All step from 1 to 9 are executed sequentially in 1 shot. Typically rendering will begin at line 20 and ends at line 244. The VSYNC code then executes right after and will extend up to line 262 then continue back to line 1 of the next frame. Depending on the sprites to process, this could extend to near line 20, in which case the main program, will have just a few lines worth of CPU to execute and will slow down. Naturally, going over line 20 will cause a a stack overflow and crash the program.

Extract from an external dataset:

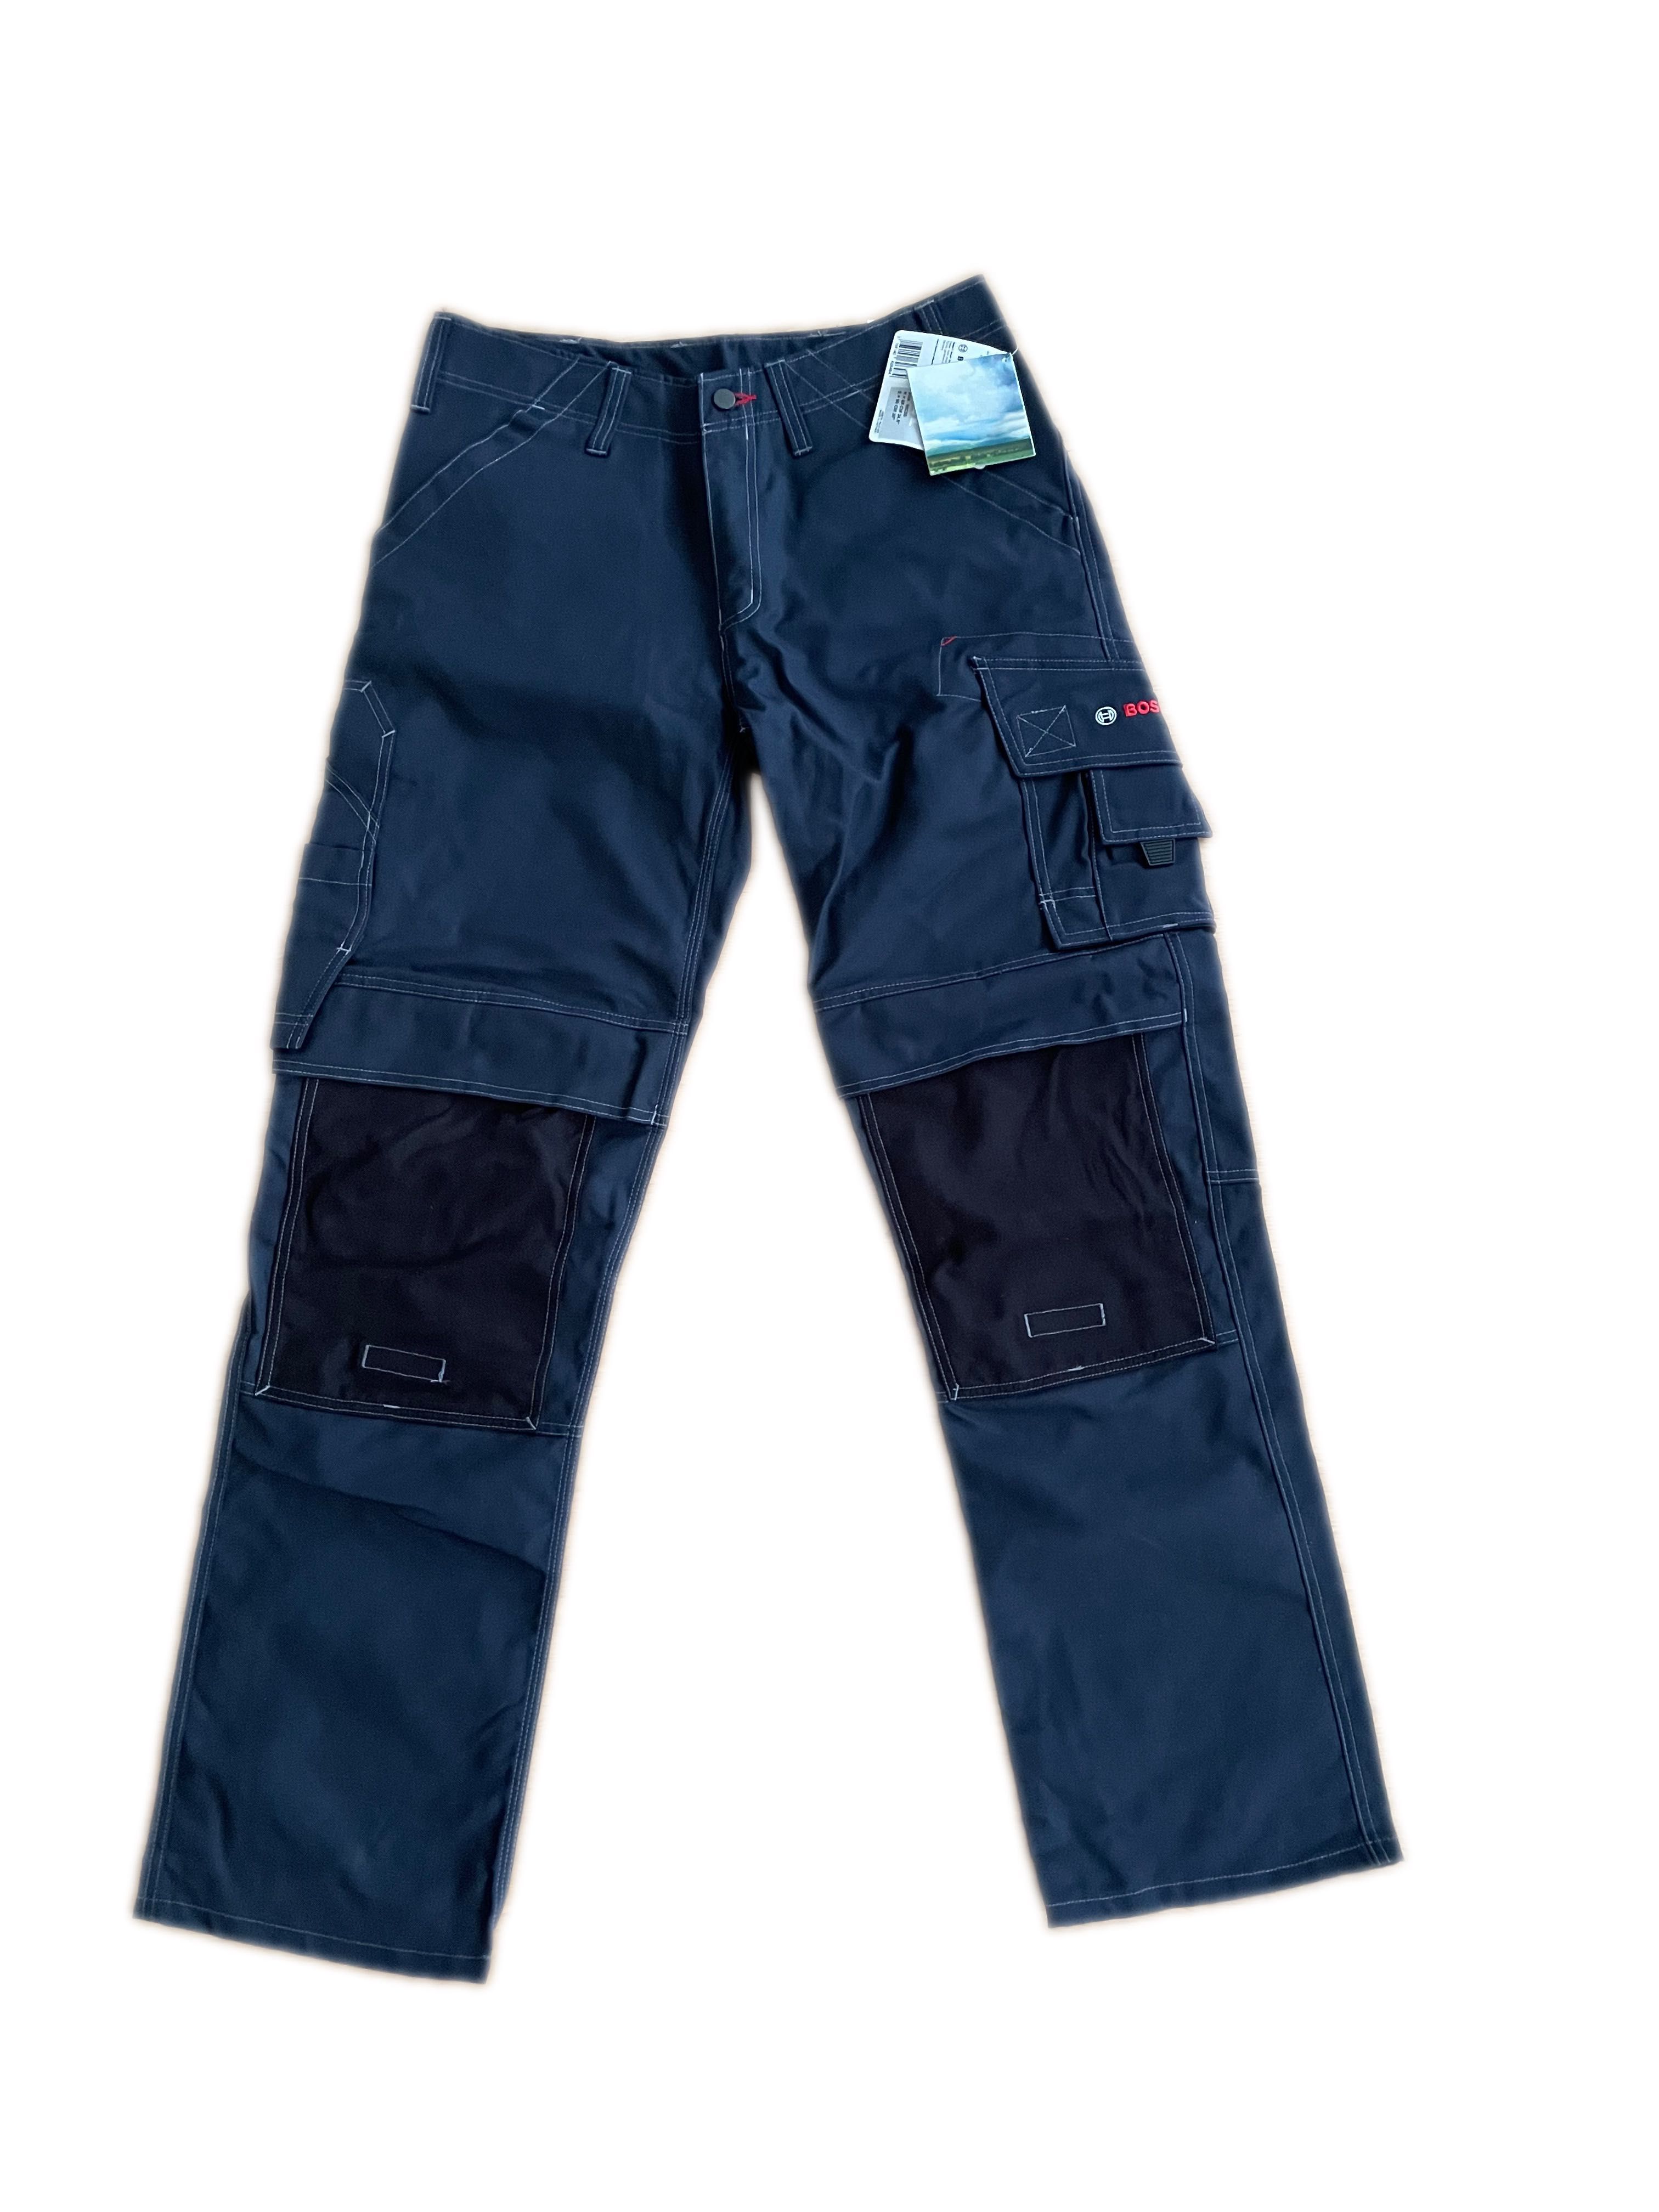 Spodnie z kieszeniami na wkładki nakolannikowe maskot/bosch Size 90C50

As for the RestoreBG() part, geez, shame on me for not putting any comments...I spent a lot of time understanding how the hell that works! The whole thing has to do with showing the main program an unaltered VRAM. When VSYNC begins blitting sprites, the VRAM is updated with the ram tile indexes used. This is required to handle overlapping sprites. Now the tricky part: As each ramtile is blitted, its pointer in VRAM is saved in the ram_tiles_restore[] buffer along the *previous* value, that is, a regular "rom tile" and free_tile_index is incremented. At the end of sprite blitting, the VRAM is restored to the initial "rom tiles" values. Now the main program executes and may modify the VRAM. Then rendering begins and the ram_tiles_restore[] buffer is iterated (note that the iterator variable actually corressponds the ramtile number). For each entry, the vram pointer reads the current value and update the ram_tiles_restore[] (This is required because since the time the process_sprite is executed at VSYNC, the main program may have altered the vram and wrong/old bakground tiles could be restored). Finally the vram pointer is used to write the ram tile index.

Using Scolling

(To be rewritten, this is just a cut-and-paste from the forums)

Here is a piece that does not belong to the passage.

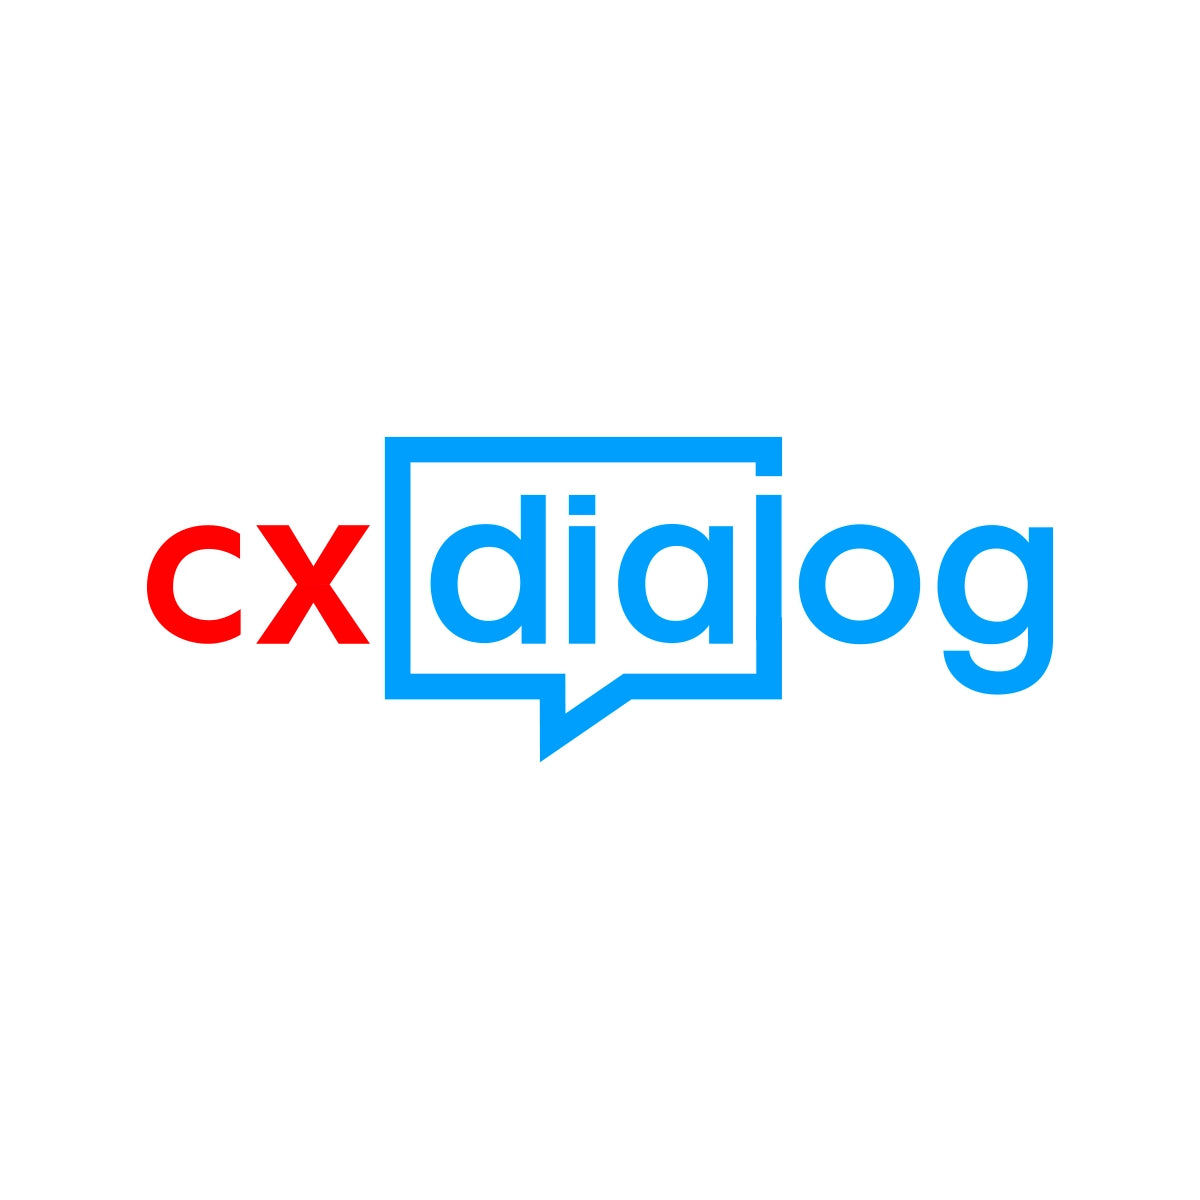 CXDIALOG.com

  • New memory arrangement removes need to update the "linear buffer" for each scanline and frees enough cycles to use the inline mixer. This in turn frees >512 bytes of RAM (more ramtiles  !) and lots of cycles used for mixing during VSYNC. Here's the new way to access a specific X/Y location in VRAM: Ptr=((y>>3)*256)+(x*8)+(y&7). It look complex but it takes barely more cycles in assembler than the usual (y*VRAM_WIDTH)+x. This is relevant only for direct access to the vram[] array. No changes if you were using SetTile().
  • Due to the new arrangement, VRAM_TILES_V can only be a multiple of 8, so basically it has to be 24 or 32. Defaults to 32.
  • The overlay VRAM is located with the VRAM_TILES_V allocated region. I.e: to draw a map in an overlay region of 4 tiles high use: DrawMap2(0,VRAM_TILES_V-4,my_overlay_map);
  • Set the overlay dynamically with Screen.overlayHeight=4
  • Y scroll wrap height is controlled by Screen.scrollHeight=28 (28 is the default). However Y scrolling is currently broken, so not to be used.
  • Add -DSCROLLING=1 -DSOUND_MIXER=1 to the kernel compile swicthes.
  • To force the aligment of the VRAM at 0x0100 and not waste space, this MUST be added to the linker flags section:
# Adjust the 0x800500 value to be 0x800100+VRAM_SIZE.  
LDFLAGS += -Wl,--section-start,.noinit=0x800100 -Wl,--section-start,.data=0x800500   
  • Finally, check the SuperMarioDemo project for more details.